Emma W. was hired on by BerkTech’s QA department in preparation for a major code rewrite. A Russian company had purchased a thousand copies of BerkTech’s emponymous software package, but as it only supported English, it would require a substantial localization project to support Russian.

After Emma started, it didn’t take long for her to notice some common patterns in her unit tests.

“Why is the script scrubber.awk telling me a file is missing a semicolon?” she asked Danny, her supervisor. “Shouldn’t this error come from the compiler?”

“No, we scrub everything before it gets to the compiler,” Danny explained. “Nothing ever reaches it without passing our best practices. That’s what scrubber.awk is for.”

Curious as to what kind of pre-processing that file was performing, Emma cajoled a developer into letting her take a peek at the source code. There wasn’t just one .awk script pre-processing the C++ code.

There were 107.

If All You Have Is A Hammer…

“Danny,” Emma asked over lunch one day, “don’t you think we rely too much on AWK for our build process?”

“AWK is our build process,” he replied. “It’s like mortar, joining our bricks of C++ code. At least that’s how Rupert describes it.” Rupert was the chief code architect, and the one who first wrote BerkTech’s code decades ago.

“But you don’t need AWK scripts for almost anything. Compilers can give you much more nuanced syntax errors and lexical analysis than ad-hoc scripts can.”

“Yeah, but it’s Rupert’s baby. Rupert wrote the app in AWK first, using a branch of one of the old Unix-based interpreters. Later he rewrote parts of it in C++ for better performance. He’s never wanted to let go of AWK. He won’t even run the compiler from the command line. When I say everything has to be done through AWK, I mean everything.”

Time Capsule

Soon after, Emma met Rupert for the first time. His office was a perfectly preserved time capsule from 1983. Books older than Emma sat on a shelf, arranged by subject, and surprisingly dust-free. Rupert seemed like he had been preserved in the time capsule, too, with a tight collared polo and polyester slacks.

“Danny sent me,” Emma said. “We’ve noticed a lot of multi-byte encoding issues come up lately.”

“Multi-byte?” Rupert said. “Our developers should just use regular ASCII.”

“But that won’t work for localization. Our Russian translators give us our localization files in Unicode, which uses multi-byte characters for the Cyrillic alphabet. The problem is our version of AWK. It wasn’t designed for multi-byte encodings.”

“AWK can handle Unicode,” Rupert said, dismissing Emma with a wave. “It can handle anything.”


Soon, development stalled on the localization project because of the multi-byte encoding issue, and deadlines were missed. With the top brass breathing down his neck, Rupert called an all-staff meeting at a fast food joint down the street to discuss the issue.

“I know what you’re thinking,” Rupert started, “But we’re not ditching AWK.”

Danny spoke first. “There’s no other way,” he said. “There are dozens, hundreds of scripting tools we can use. We can just hand off the localized strings to another tool, and AWK won’t even have to touch it.”

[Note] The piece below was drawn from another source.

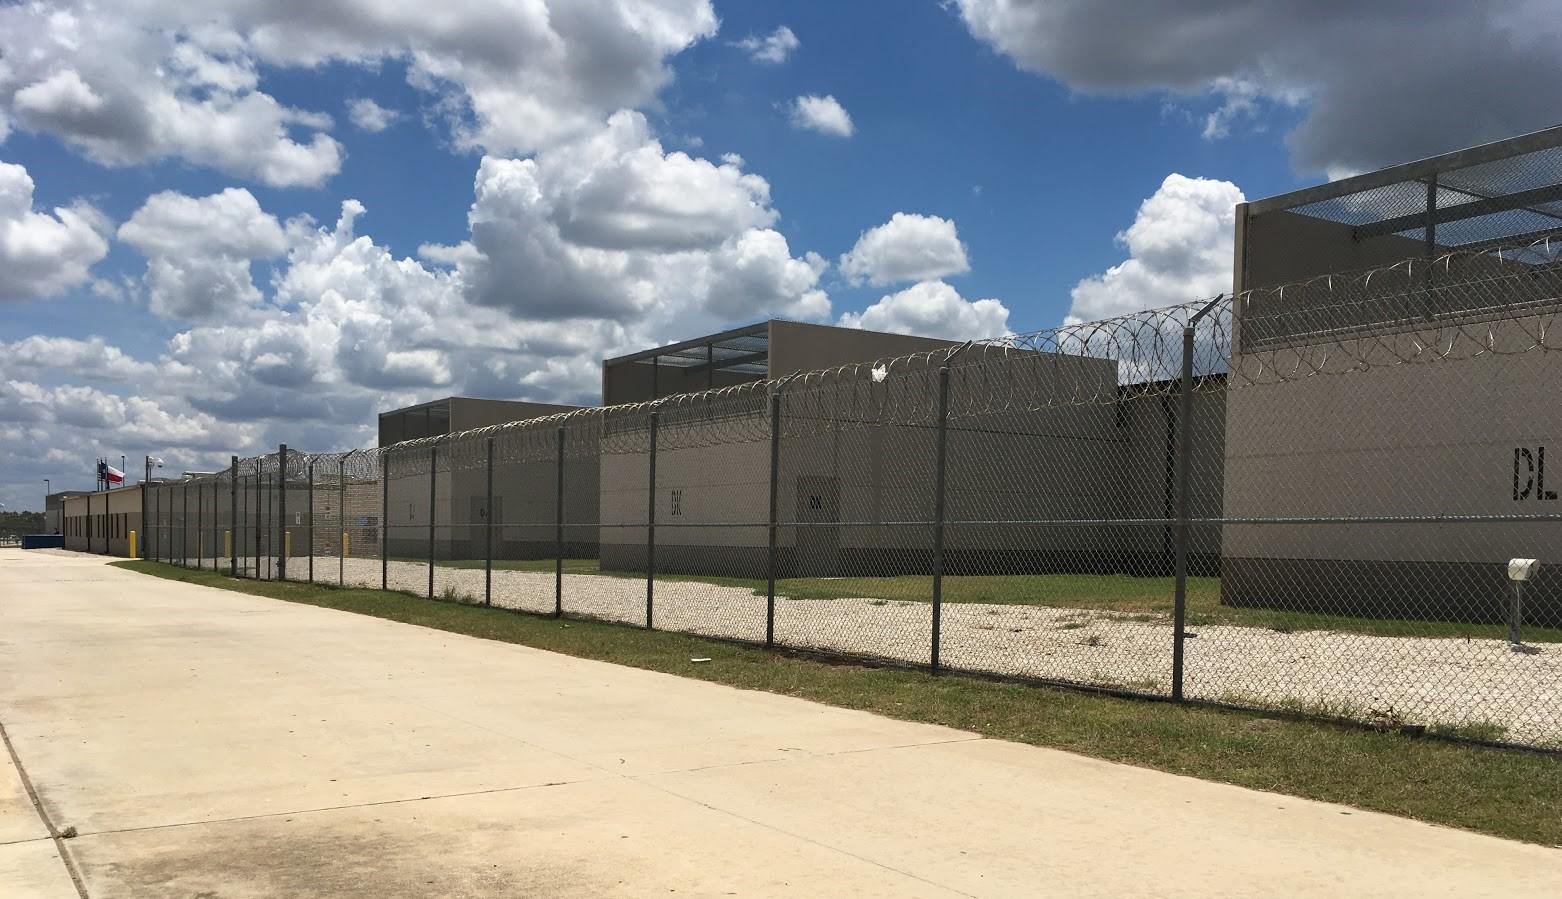 Photo from the US-Mexico border in Laredo, TX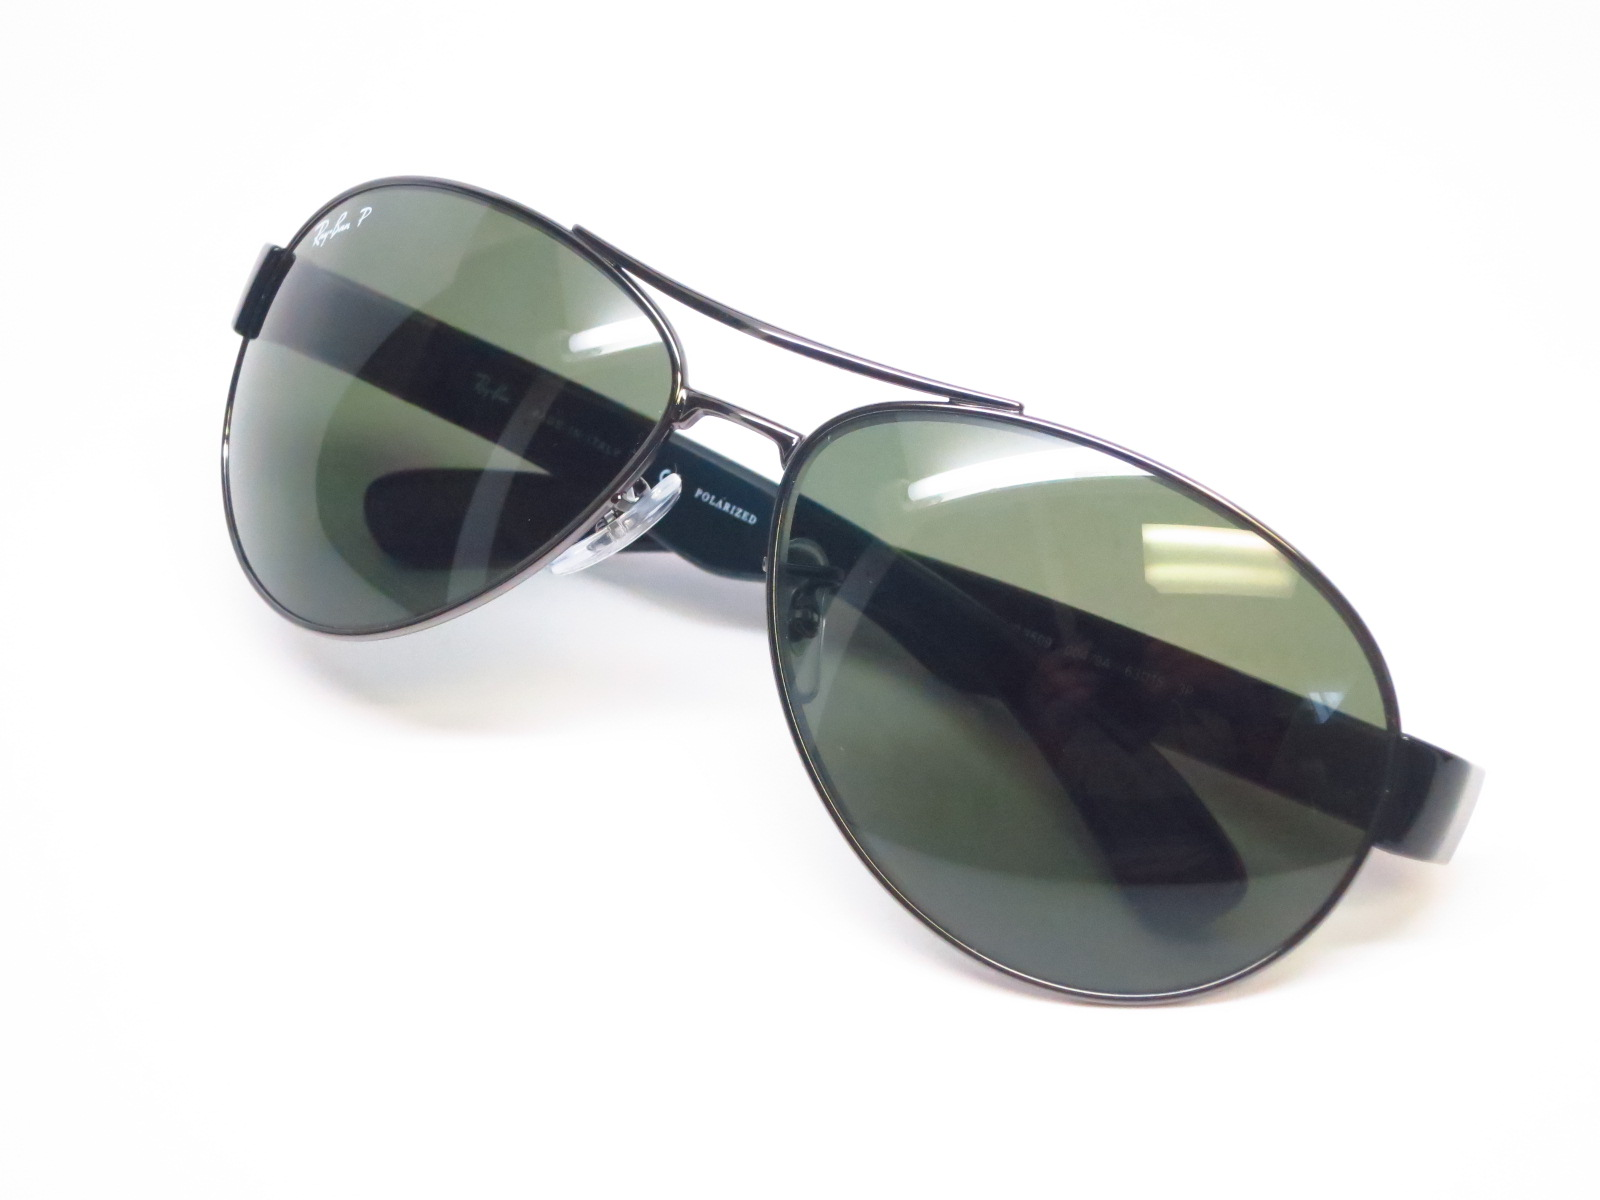 628e3aac67 Ray-Ban RB 3509 004 9A Gunmetal Polarized Sunglasses

“Not going to happen.” Rupert crossed his arms.

“The installation process is taking too long!” someone else added. “We have to install our own version of AWK on every computer the application runs on!”

“AWK is not a resource hog,” Rupert said, adamant. “It’s no big deal.”

The complaints raged for an hour. Finally, Rupert said, “This is a waste of time. We’re not ditching AWK, and we’re not bringing in another toolset. I’ll fix the encoding issue myself.”

…Everything Looks Like A Nail

Rupert’s localization code arrived so late, Emma was forced to work nights unit-testing all the new code. By and large, everything worked as Rupert had promised. The project shipped, and soon a thousand PCs in a corporate office in Moscow had Rupert’s obscure version of AWK installed on them.

Danny was uneasy, as he told Emma over lunch following the release. “You know those obfusgation coding contests? I tried looking at Rupert’s localization code. It’s more impenetrable than the samples I’ve seen for those contests. If you find anything wrong, he’s the only one who can fix it.”

Emma remembered Rupert’s perfectly-preserved office. “If he can keep his code as clean as his office, maybe all of his AWK scripts will keep working for another ten years.”